Ящик от Сальвадора Дали

Леонид Волков -Лео Лево
               
                ЯЩИК ОТ САЛЬВАДОРА ДАЛИ
    
     На этот раз Лев притащил с собой слегка пожелтевшую тетрадку-дневник, и отхлебнув традиционный виски, стал из нее читать вслух. Я покорно слушал.

       Не переставая размышлять над тем, что будет дальше с нашей зашедшей в тупики цивилизацией, - читал Лев, - я обычно ранней осенью, отправлялся на своем «джипе» “Запорожце” в дальние края.
     Дорога на Орел. Осеннее Спасское-Лутовиново. Кажется, прекраснее быть не может.

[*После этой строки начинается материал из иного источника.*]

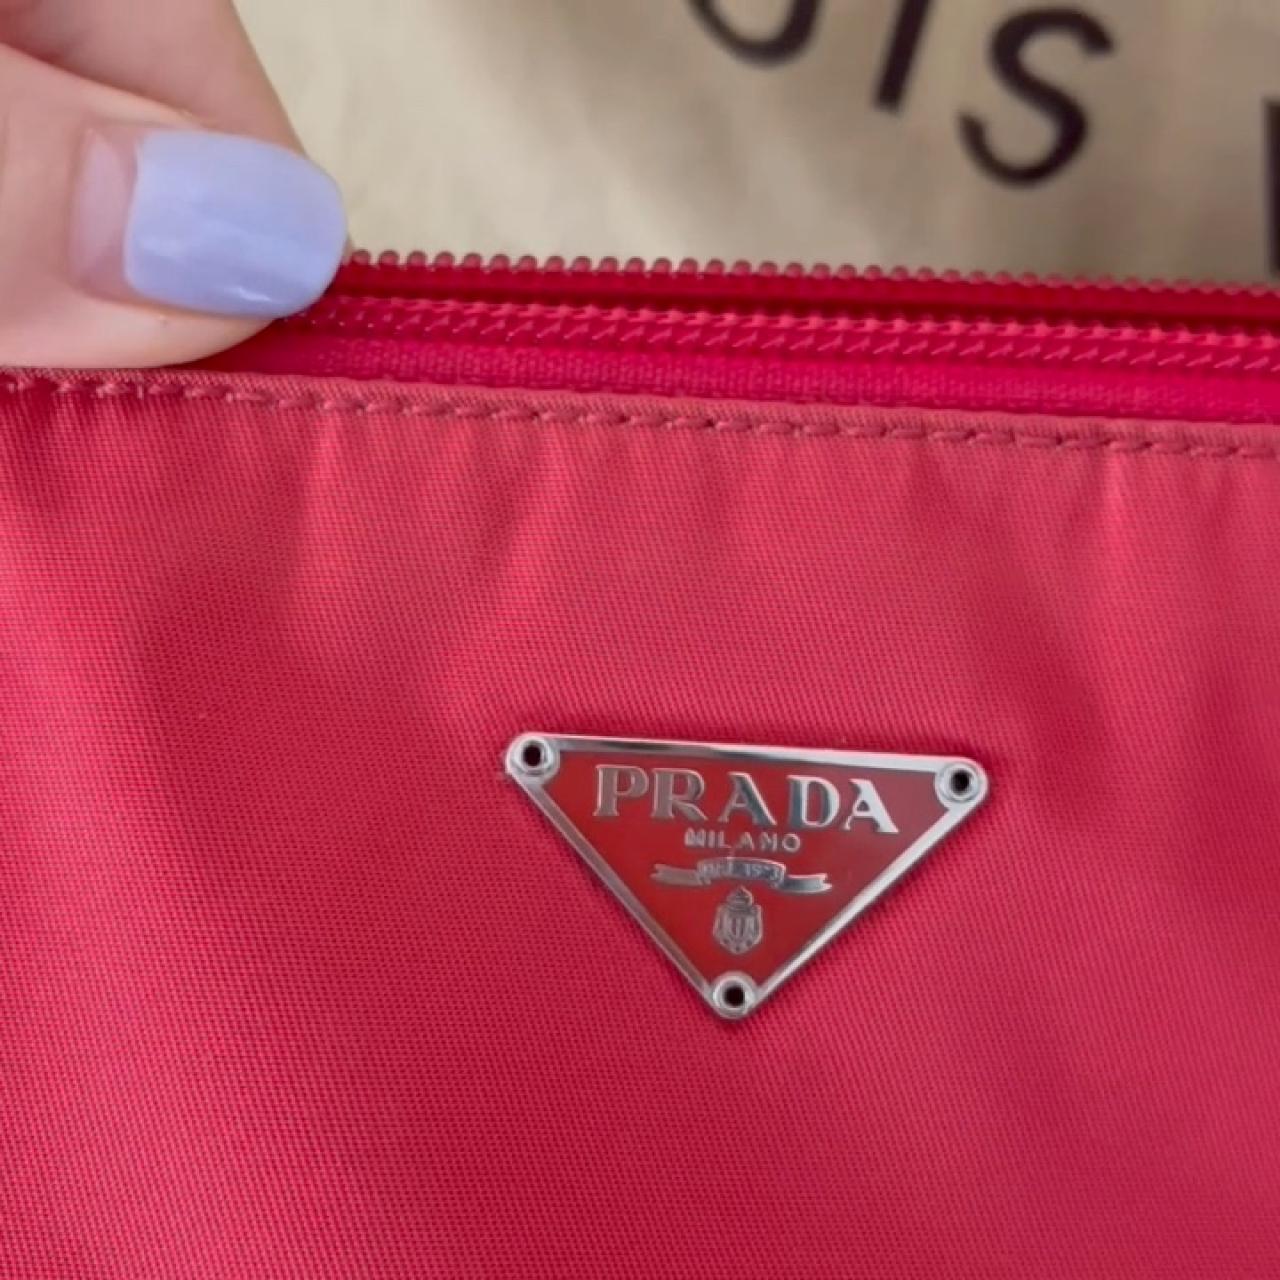 Prada Women's Red Bag | Depop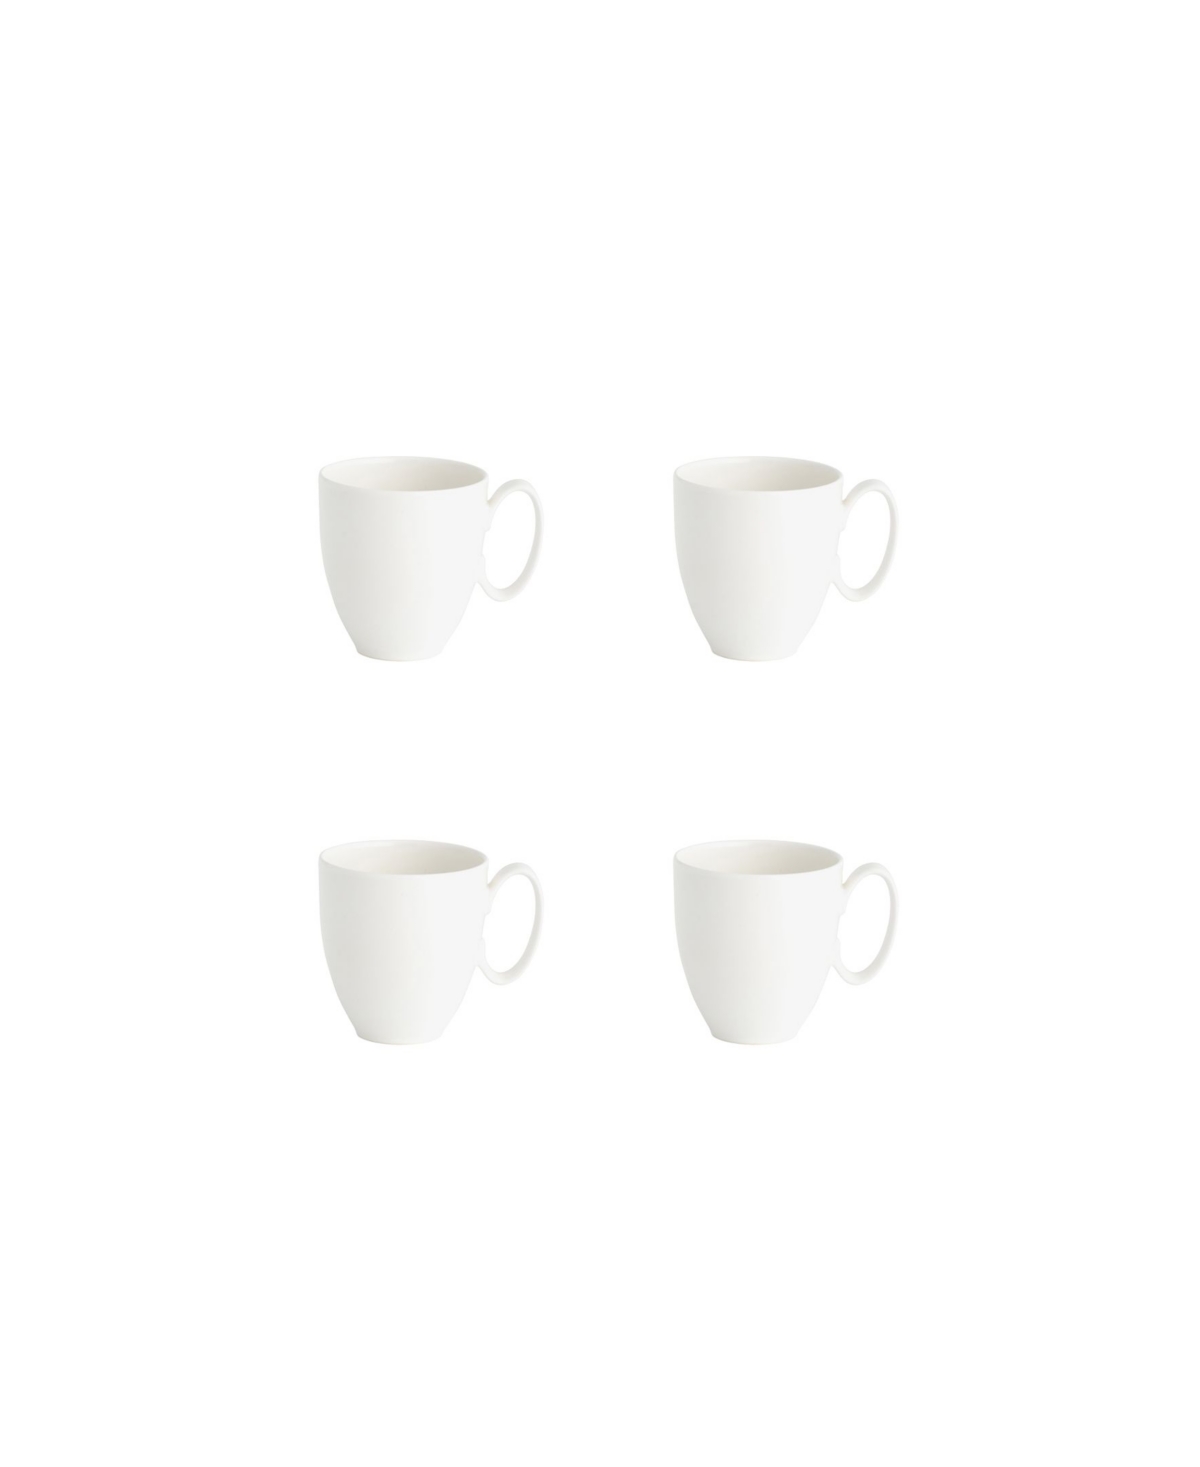 Portables 4 Piece Mugs, Service for 4 - White

Ничего-то в нем нет, кроме дюжины лип, одного дуба и двух прудов — малого деревенского, на котором крякают колхозные утки, и большого барского, молча лежащего на низкой, бледной постели и внезапно оборачивающего свое печальное лицо к  визитерам. К тем, кому, несмотря ни на какие запреты дороги, не под силу преодолеть соблазн пройтись до конца немыслимой липовой аллеи. Немыслимой, потому что идешь будто по следу чьей-то странной души, протянувшей сверху черные пальцы стволов — все в изысканной меди листьев.
     Душа коснулась души, и поехали-ка дальше. Дорога не любит ждать. У нее, как у всякой суверенной страны, свои законы, свои суеверия. Надо спешить, надо обогнать, надо доехать. Мозг подсчитывает километры и бензин. Нервы тонкими шнурами стягивают все в один узел.
    А душа тем временем живет своим. И вот остановка. Случайный дорожный эпизод. Быстрый выбег за дорогу в поле по надобности. И вдруг что-то в душе откликается на это поле. Огромное, как Москва, вспаханное черное поле под натянутым синей простыней осенним небом. А на нем пчела-трактор — там, вдали. И как-то вдруг, как при смене ракурса в кино, становится неожиданно очевидным, что это не поле за дорогой, а дорога — за полем. Что это дорога — эпизод, а поле, так не похожее на подмосковные поля, — государство, страна, закон. Что между этими крупными, как булыжник, комьями земли и плотным, как полотно, небом в бесшумном электрическом заряде воздуха натянуты пружины другого существования. Нет ни одного человека. Но по всему черному горизонту как за театральной рампой рассыпаны, расставлены, рассажены граждане этого существования. Те, кто привычно любит все это, как многие любят своих жен или давних любовниц. Любит корявой, сварливой, верноподданнической любовью все, что составляет его действительную жизнь, жизнь, которая давно ушла от нас, в силу чего мы считаем себя ушедшими от нее...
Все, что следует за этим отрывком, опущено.